I was awoke at 6 o’clock by Mamma, who told me the Archbishop of Canterbury and Lord Conyngham were here and wished to see me. I got out of bed and went into my sitting-room (only in my dressing gown) and alone, and saw them. Lord Conyngham then acquainted me that my poor Uncle, the King, was no more, and had expired at 12 minutes past 2 this morning and consequently that I am Queen.

On the first day of my reign, official documents were prepared, and I was described as Alexandrina Victoria. I had withdrawn my first name, and I never used it again.

When I sat on the throne, the British government was then led by the Whig Prime Minister Lord Melbourne. He influenced me a lot since he found me as a politically inexperienced monarch. Lord Melbourne was a widower and childless man, and he loved me like a daughter if he had one, and I also saw him as a father figure. My coronation happened on 28 June 1838 at Westminster Abbey and saw a crowd of over 400,000. I was the first sovereign to take up residence at Buckingham Palace. The moment I received the revenues of the duchies of Lancaster and Cornwall and the civil list allowance, I thought of becoming financially prudent and paying off my father’s debts.

From the very beginning of my reign, I was pretty popular, but my image suffered a bad patch in 1839. This happened due to one of my mother’s ladies-in-waiting, Lady Flora Hastings.
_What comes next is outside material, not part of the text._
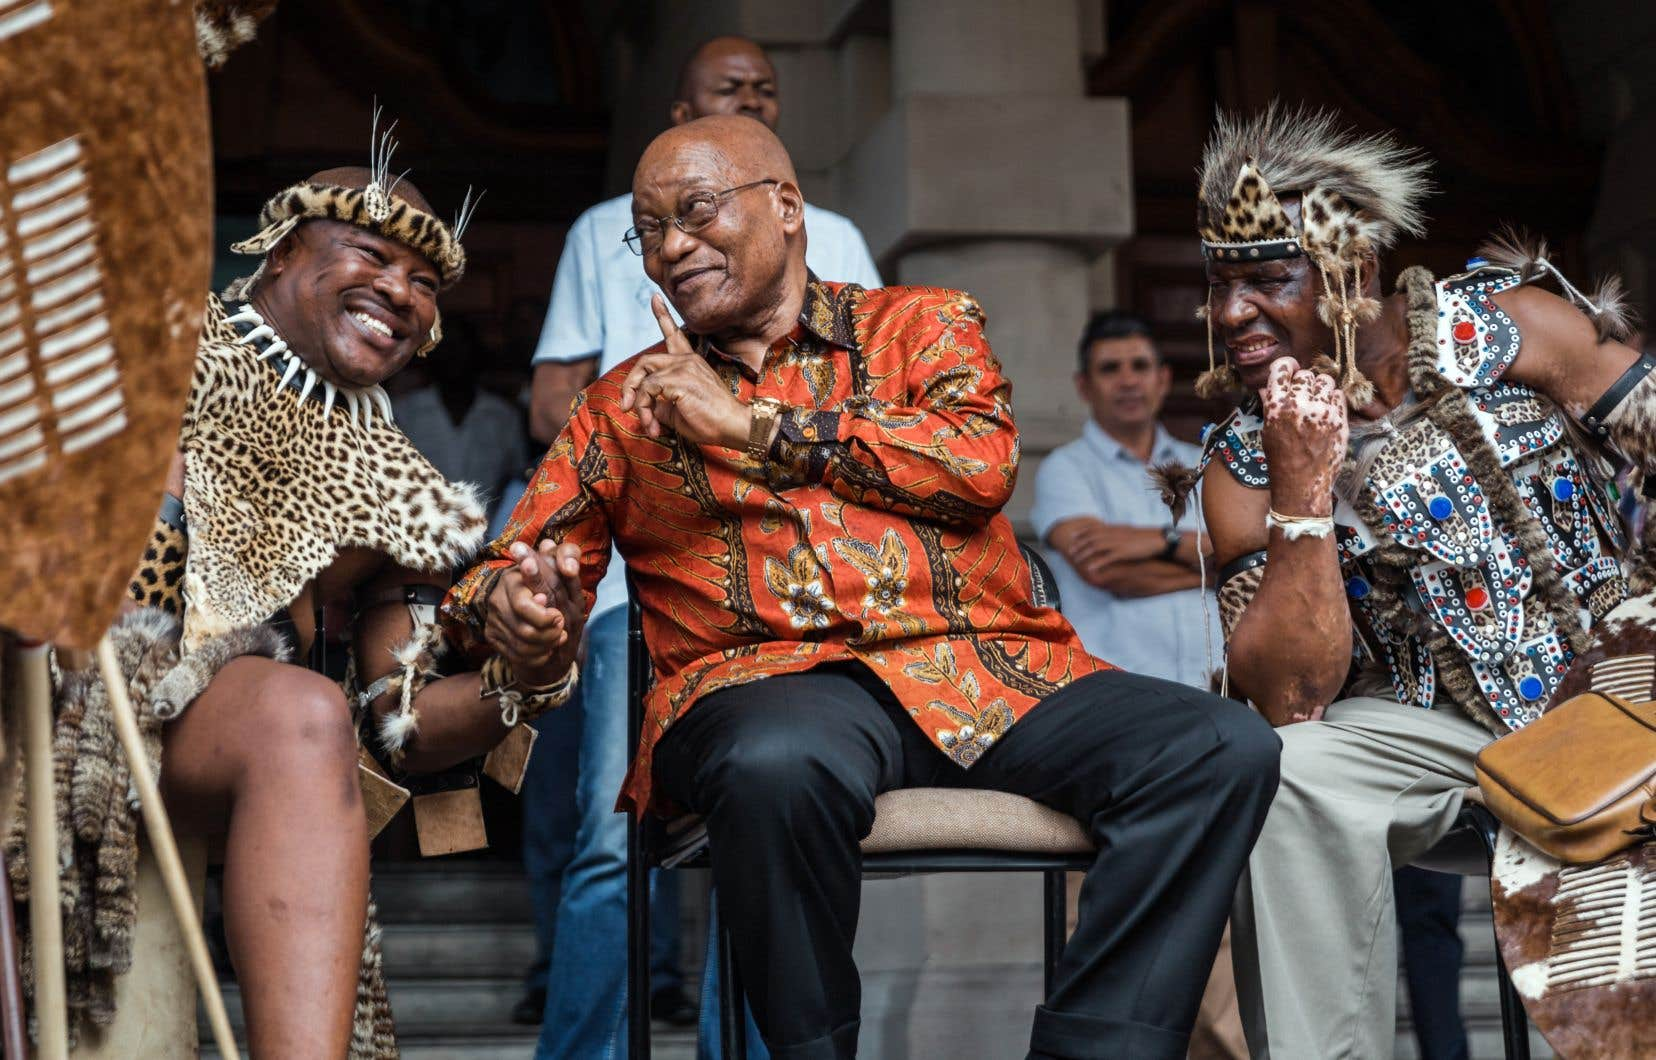 Le président sud-africain, Jacob Zuma, lors d'une rencontre avec des leaders de plusieurs communautés indigènes, le 5 janvier.

When she developed an abdominal growth, it was rumored to be an out-of-wedlock pregnancy that happened by Sir John Conroy. I had no reason not to believe in the rumors, and frankly, I hated both of them because Lady Flora had conspired with Conroy and the Duchess of Kent before as well. At first, she refused to submit to an intimate medical examination, but later she was compelled to agree and found out to be a virgin. Upon hearing this, Conroy and the Hastings family, with the help of followers of the Torry party, organized a press campaign to implicate me for spreading false rumors about Lady Flora. Later at the time of her death, it was revealed that a large tumor on her liver had swollen her abdomen.
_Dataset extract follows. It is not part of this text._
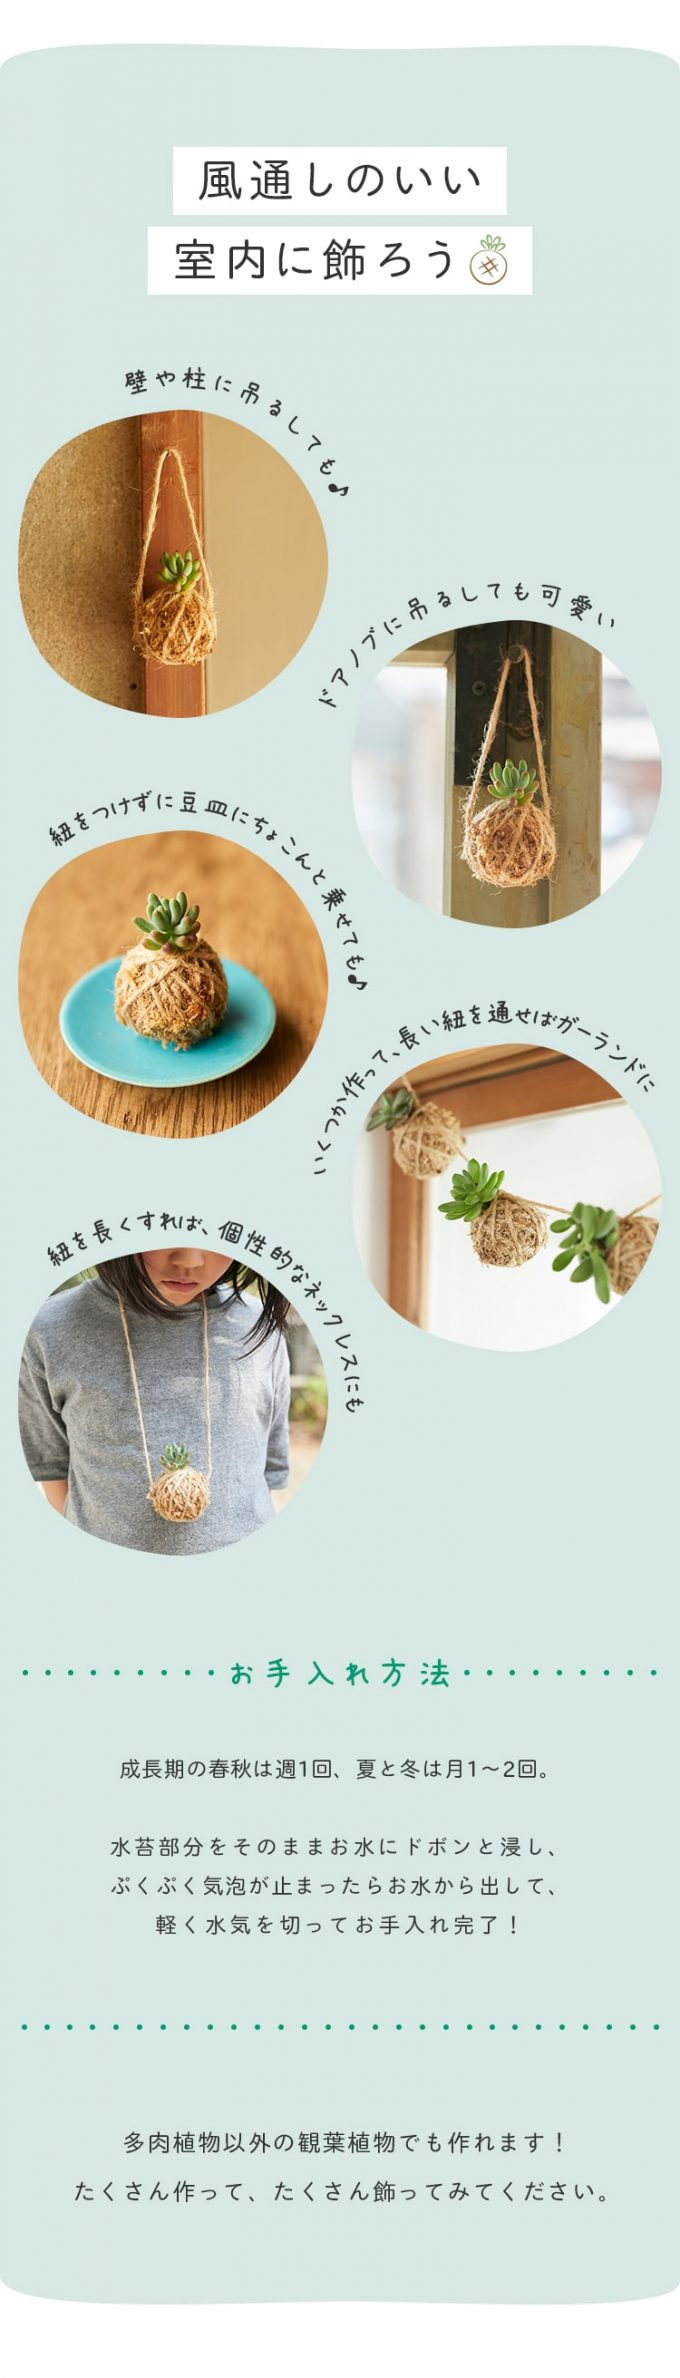 「多肉植物の苔玉」の飾り方アイデア

After years of taunts, Melbourne finally resigned in 1939 after Radicals and Tories voted against a bill. This was why I hated these two parties. The bill revoked all political power from plantation owners resisting the measures associated with the abolition of slavery. Due to all this, I had to commission a Tory named Robert Peel to form a new ministry. 

In my time, it was common for the prime minister to appoint members of the Royal Household. They were usually his political allies and their spouses. Thus, several of my ladies of the bedchamber were wives of Whigs, but Peel thought of replacing them with the wives of Tories. This gave birth to a new crisis called the bedchamber crisis. But thankfully, Lord Melbourne advised me to object about their removal. When Peel refused to govern under these restrictions imposed by me, he resigned his commission. This allowed me to welcome back Lord Melbourne to the office. Thus, continued my reign.

Conclusion

Queen Victoria died on 22nd January 1901, at half past six in the evening, at the age of 81.